Nike's (NYSE:NKE) latest earnings report was disappointing on multiple levels as its China growth continues to slow, inventory levels are becoming bloated, and the company's margins are contracting, and are projected to contract further over the coming year. Contrast this with Under Armour (NYSE:UA) (NYSE:UA.C) and Adidas (OTCQX:ADDYY) who have enviable China growth, inventory in high demand, and margins that aren't projected to contract over the coming year. At this time, Nike looks like a sell and Under Armour or Adidas a buy going forward if an investor wants good growth in the activewear market.
Nike's stock is taking a hit after its latest earnings call as investors look beyond the headline numbers to what is really happening with the company. A closer look reveals that competing companies, like Under Armour and Adidas, are taking bigger and bigger bites out of the growing activewear market. This is even more apparent as investors react to the latest information by actively selling Nike even as the S&P 500 rallies.
The Greater China retail market has eclipsed the U.S. as the world's largest market, and Nike reported a very solid 21% revenue growth in the region for the quarter. This sounds great until you look at the bigger picture which is that its growth is actually slowing down over time as its competitor's are experiencing more consistent explosive growth.

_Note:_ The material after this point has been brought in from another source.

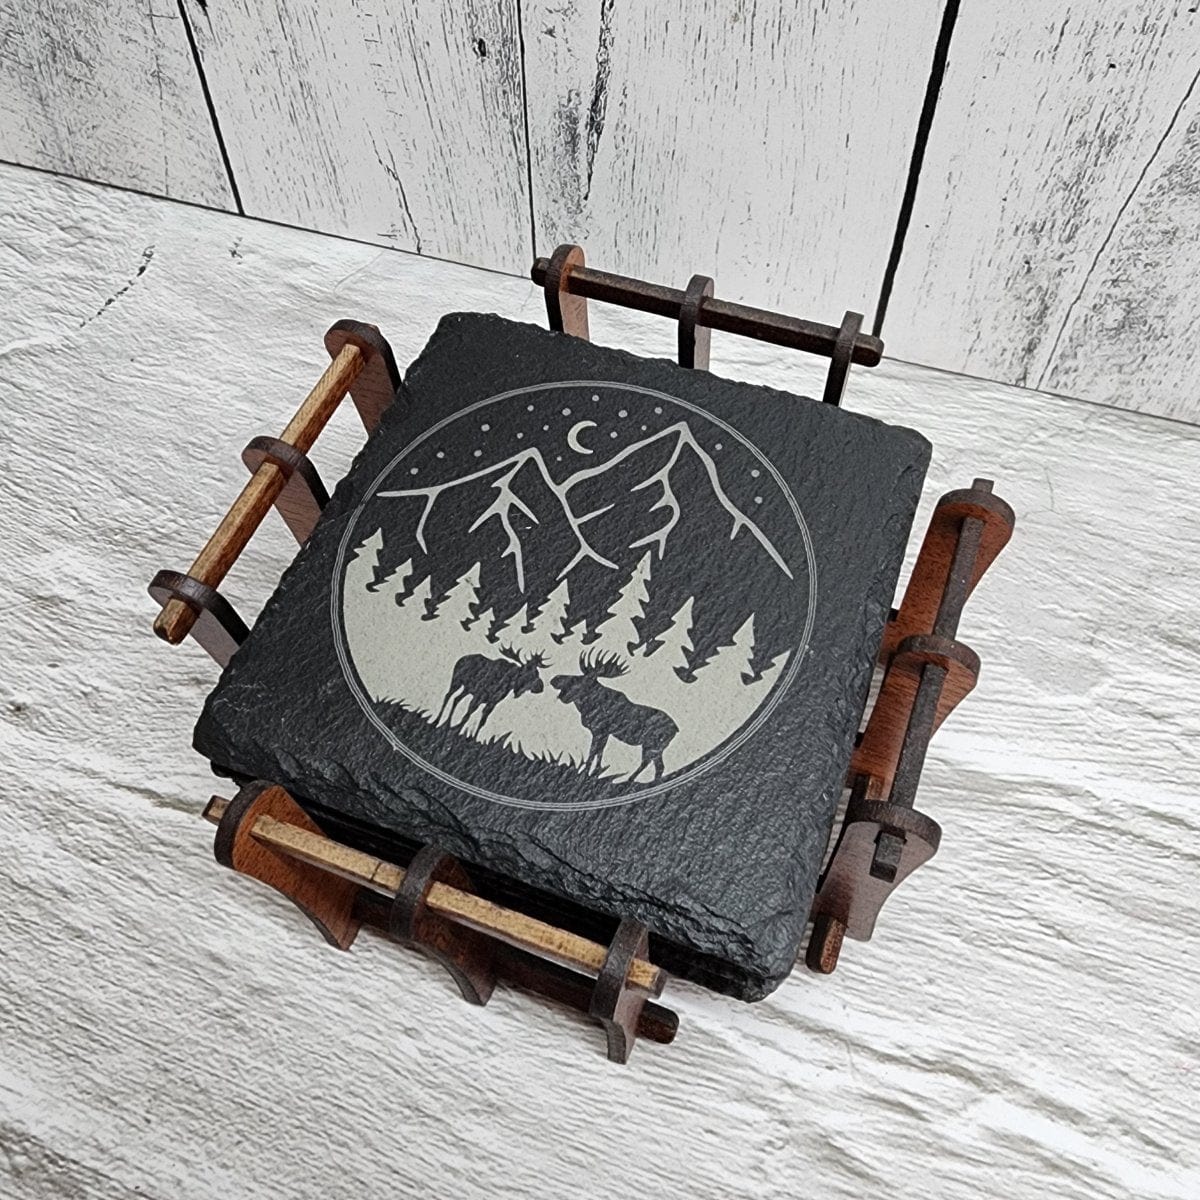 Slate Coaster Set with your choice of design or upload your own image to be engraved - Hats Signs Patches 3D printing Engraving

China/International Growth Rates for the Last 4 Reported Quarters
|Company||Q2, 2016||Q1, 2016||Q4, 2015||Q3, 2015|
|Nike (Q1,Q4,Q3,Q2)||21% up||23% up||27% up||28% up|
|Under Armour||68% up||56% up||70% up||52% up|
|Adidas||30% up||30% up||16% up||15% up|
Source: Trent Welsh
Growth in Greater China is exploding for Under Armour and should continue as the company just finished up a recent tour of the region featuring UA's CEO Kevin Plank and basketball MVP Stephen Curry. Adidas has totally turned around its sales over the past half a year, and has had two tremendous quarters of gains in China, as Nike is the only company showing slow continuous drops in growth in the Greater China region.
Nike's report this last quarter also featured an unusual gain in inventory to $4.9 billion up over 11% from the last year's quarter according to the company's press release. Nike attributes the inventory buildup to a 3% gain in wholesale unit inventories, increases in average product costs per unit, and growth in the direct to consumer (DTC) business.
Another reason for the inventory buildup, in my opinion, is that the company is not getting the orders and peak season demand that it was expecting at the end of this calendar year. Futures orders from September 2016 to January 2017 were up 5% to $12.3 billion missing market expectations. Naturally, if you expect to be selling more inventory at the end of the year (China's Single's Day, Black Friday, Cyber Monday, and Christmas) and orders come in lighter than projected, this will help lead to excess unsightly inventory and potential future discounting. Futures orders (a Nike created metric) have been so poor lately that Nike has decided it won't include the numbers anymore in its initial press releases. Instead, the numbers will be moth-balled at the back end of earnings calls with guidance and will be included in relevant SEC filings.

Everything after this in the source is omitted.